:: MATERIAL FOR THIS TASK ::
--------------------------------------------------
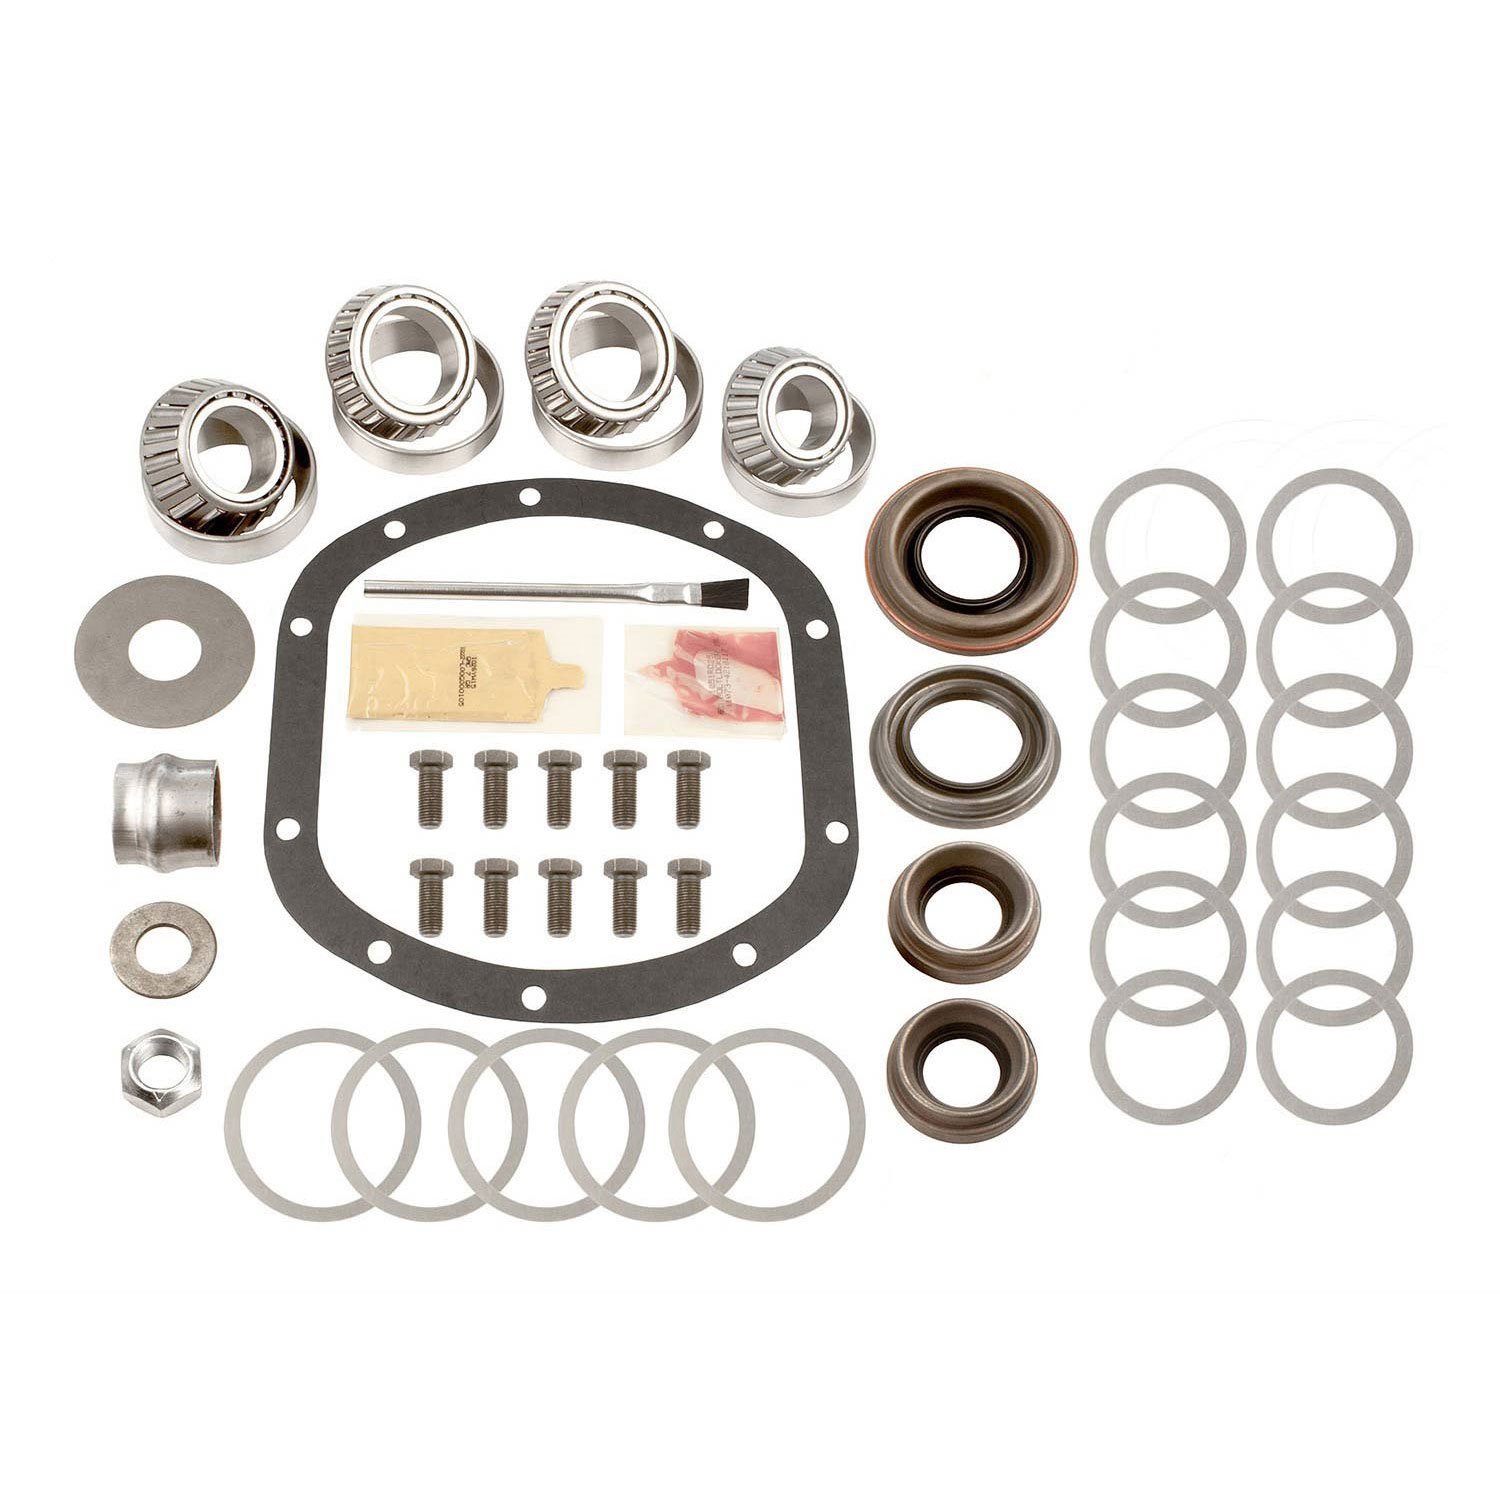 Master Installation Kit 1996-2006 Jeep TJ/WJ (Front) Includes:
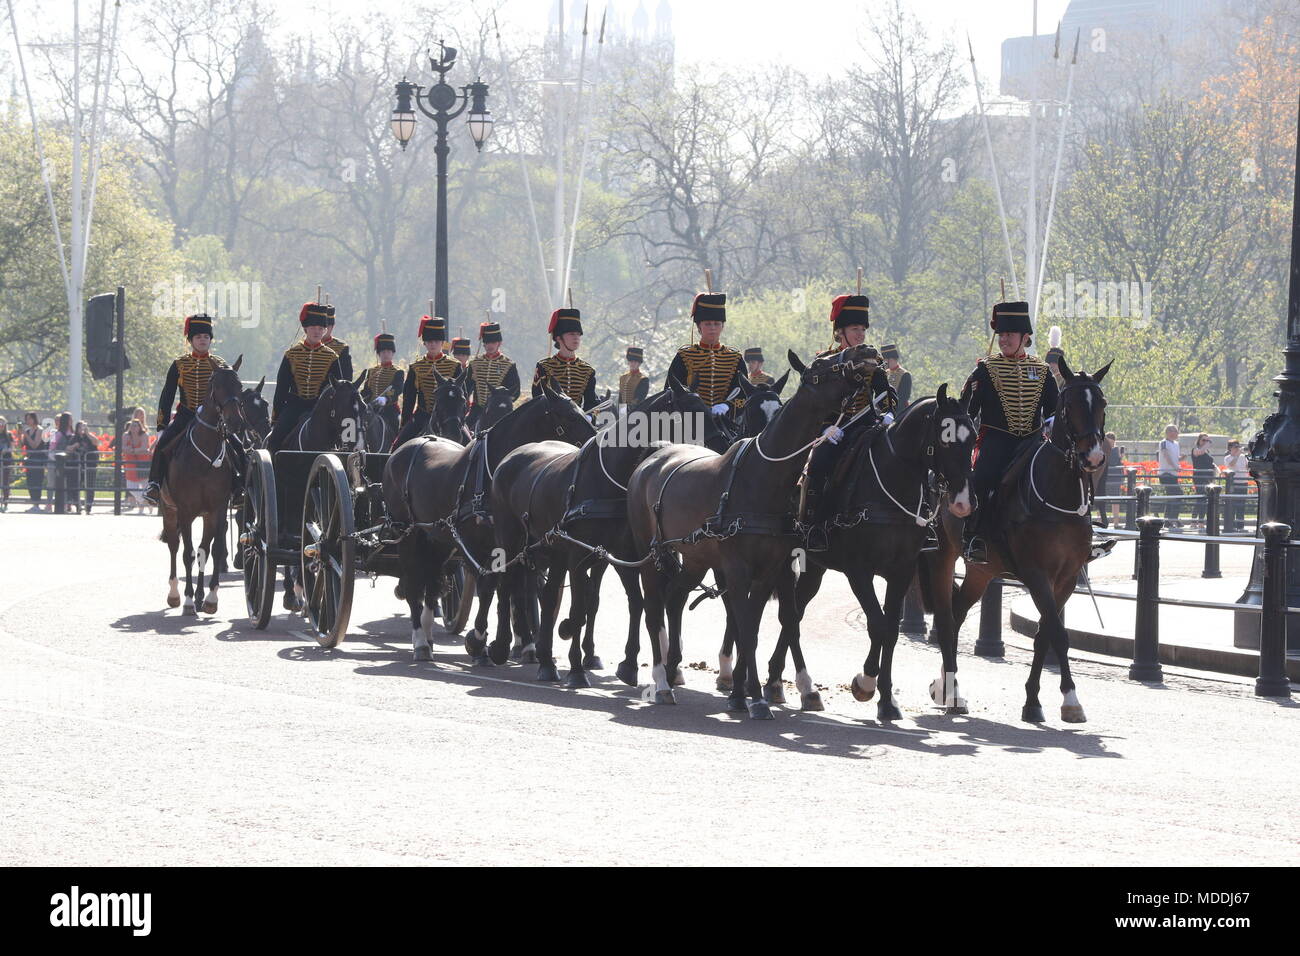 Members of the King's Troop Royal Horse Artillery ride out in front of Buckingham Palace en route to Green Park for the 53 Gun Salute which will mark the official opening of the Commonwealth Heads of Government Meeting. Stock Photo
--------------------------------------------------
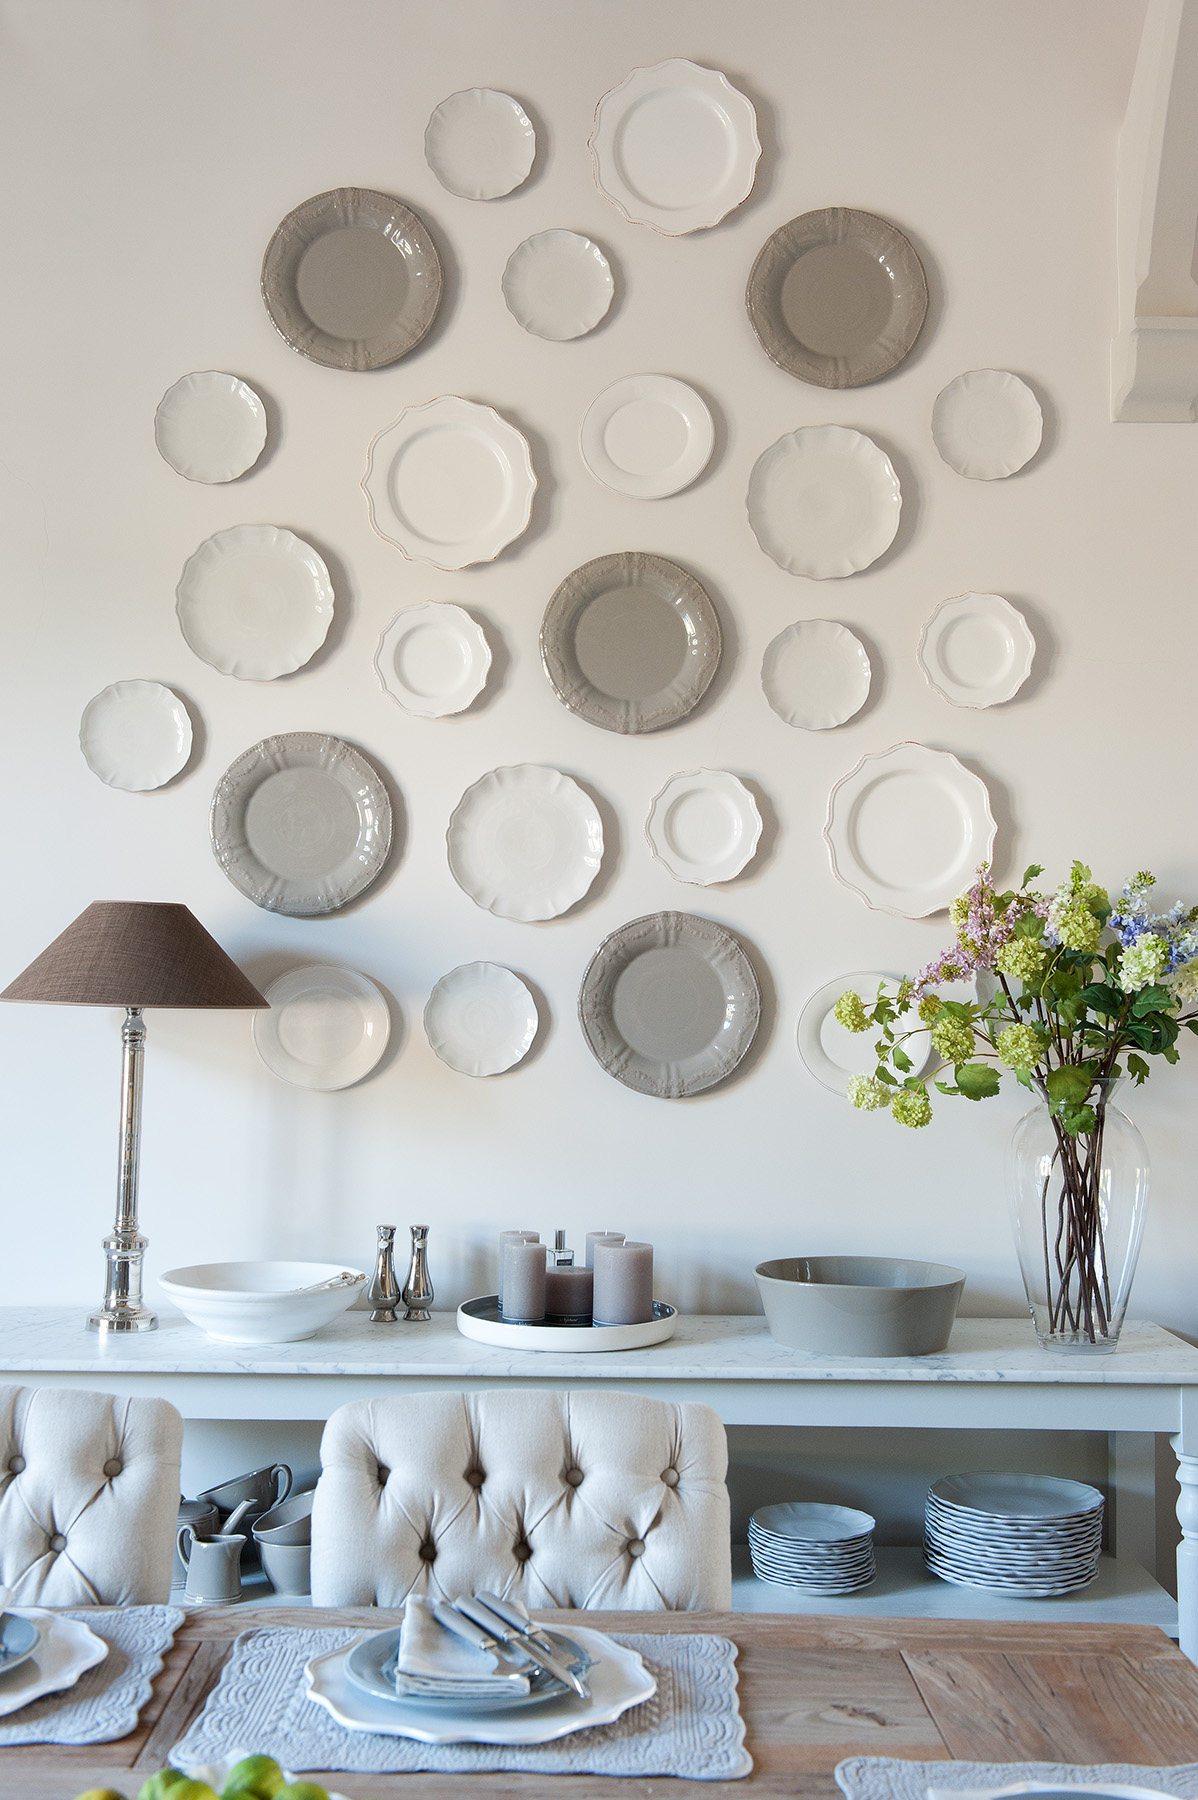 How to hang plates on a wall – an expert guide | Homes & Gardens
--------------------------------------------------
:: WORK TO COMPLETE ::
Copy word for word the lines of the records above from the one with "Master Installation Kit" up to and including the one with "Members of the". Skip the pictures.

:: RESPONSE BELOW ::
 Master Installation Kit 1996-2006 Jeep TJ/WJ (Front) Includes:
 Members of the King's Troop Royal Horse Artillery ride out in front of Buckingham Palace en route to Green Park for the 53 Gun Salute which will mark the official opening of the Commonwealth Heads of Government Meeting. Stock Photo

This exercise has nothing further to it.